Os personagens, além de não terem nuances de personalidade e comportamento, raramente têm nomes: são os príncipes, os reis, as bruxas, a bela princesinha, a madrasta etc... Isto auxilia para que o símbolo que estes personagens encerram tenham os mesmo significados em diferentes histórias.
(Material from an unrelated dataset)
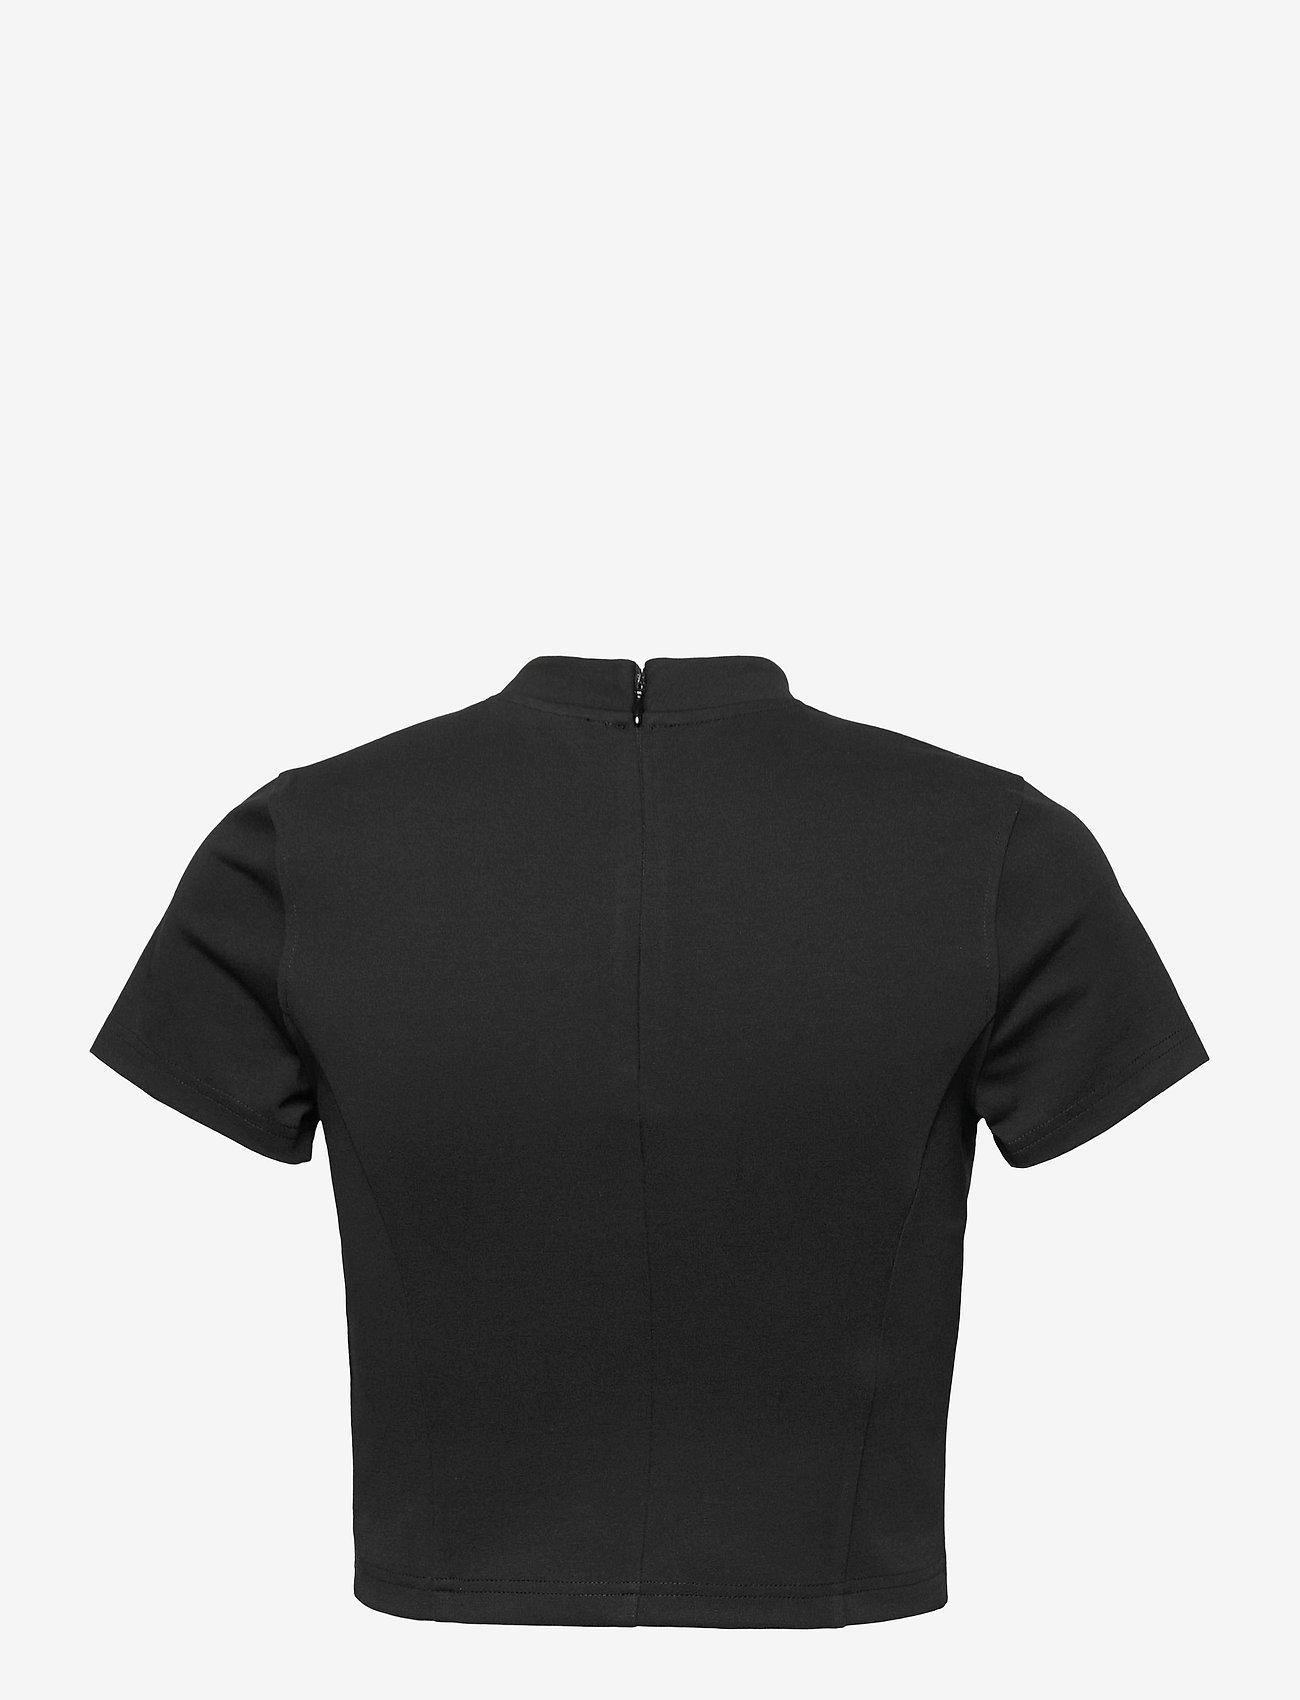 Calvin Klein Jeans - MILANO CENTER INSTITUTIONAL SS - crop tops - ck black - 1
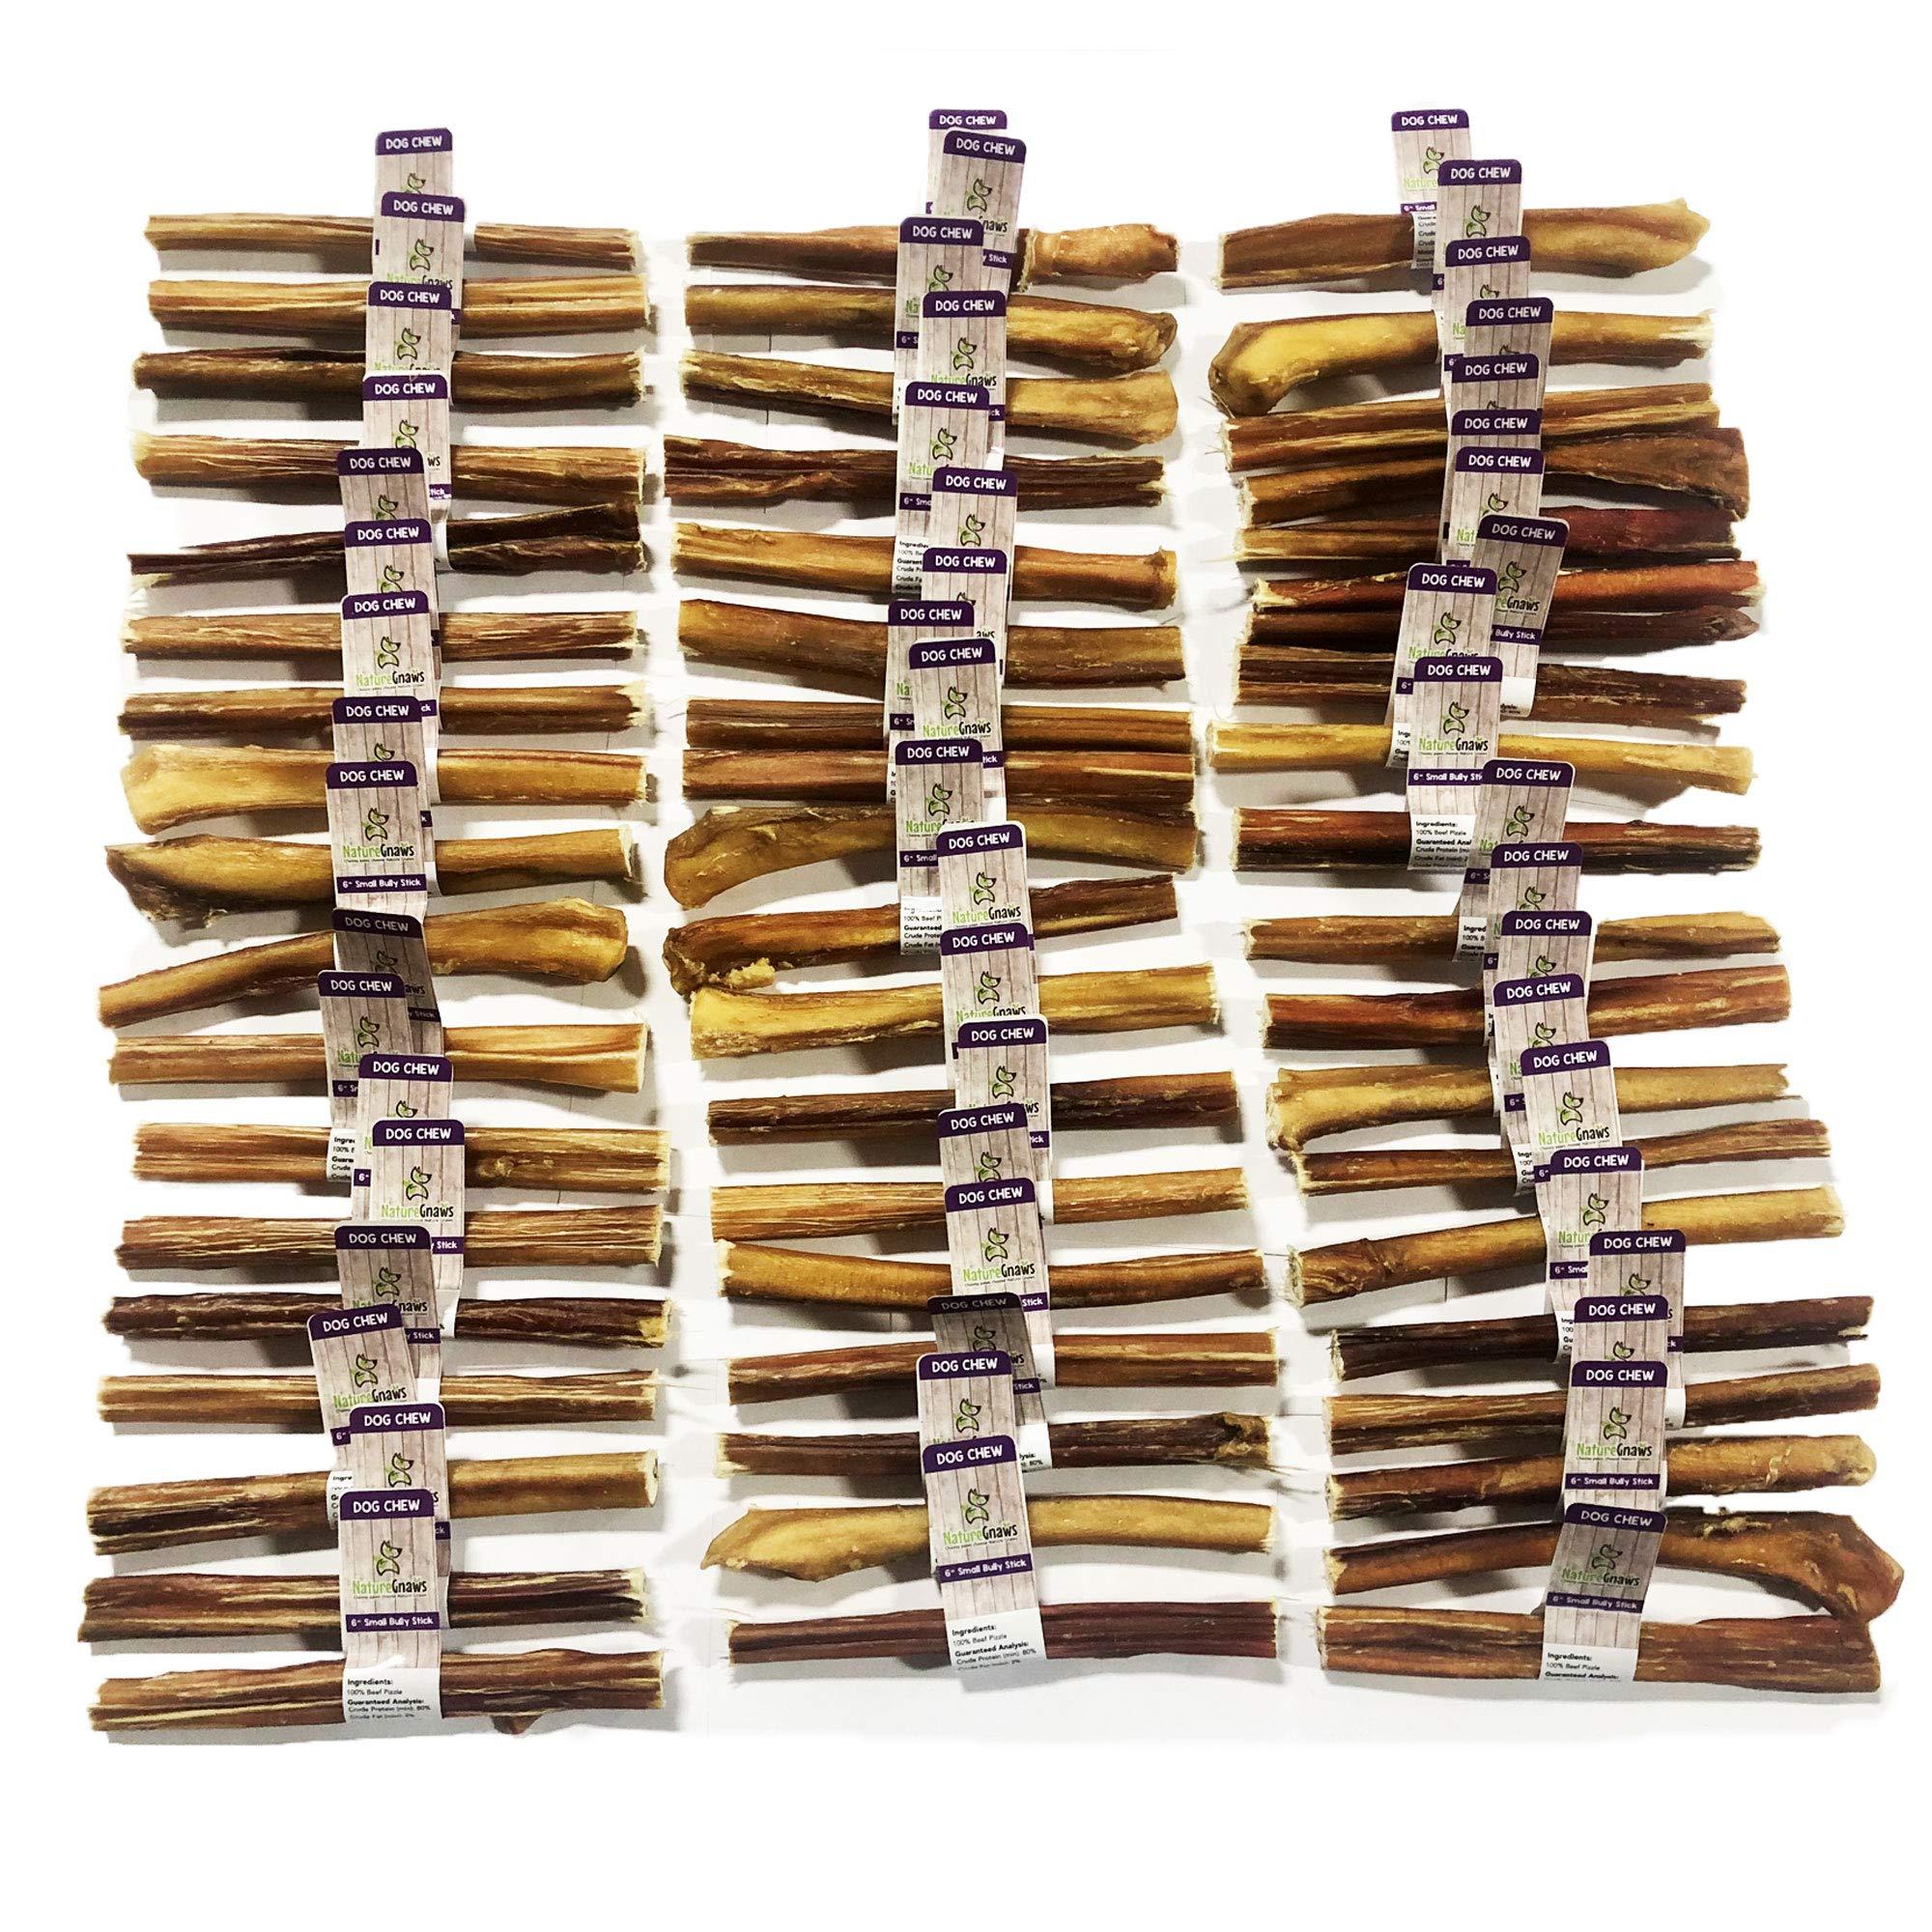 Nature Gnaws Small Bully Sticks (Bulk Box 150 Count) - 100% All-Natural Grass-Fed Free-Range Premium Beef Dog Chews

As histórias não exigem qualquer justificativa; os contos de fadas têm uma aura de fantasia que transporta para um mundo de imaginação onde tudo é possível, não necessitando de muita explicação.

Outra característica dos contos de fadas é o maniqueísmo no qual as pessoas ou são boas ou más, de uma forma simples e pura. Isto permite que as crianças compreendam melhor a história, pois cada personagem tem um comportamento esperado e lógico.

É característico dos contos de fadas colocar um dilema existencial de forma breve e categórica, isto permite à criança apreender o problema em sua forma mais essencial, onde uma trama mais complexa confundiria o assunto para ela. O conto de fadas simplifica todas as situações. Suas figuras são

esboçadas claramente e, detalhes, a menos que muito importantes, são eliminados. Todos os personagens são mais típicos do que únicos (BETTELHEIM, 2007, p. 6).

Os predicados humanos que os personagens apresentam são sempre básicos e, portanto, de fácil compreensão. O maniqueísmo aparece como um fator que permite que essa compreensão aconteça. Os personagens são bons ou ruins, egoístas ou generosos, falsos ou leais sem muita necessidade de explicações.

Não existem "meias-palavras", textos com “entrelinhas” ou situações que irão expor o verdadeiro caráter de uma pessoa. Desde o começo da história, cada um se apresenta da mesma maneira que ele é realmente e da forma como isto influenciará o desenrolar da trama. O que possibilita a compreensão, mesmo para crianças muito pequenas, de três ou quatro anos.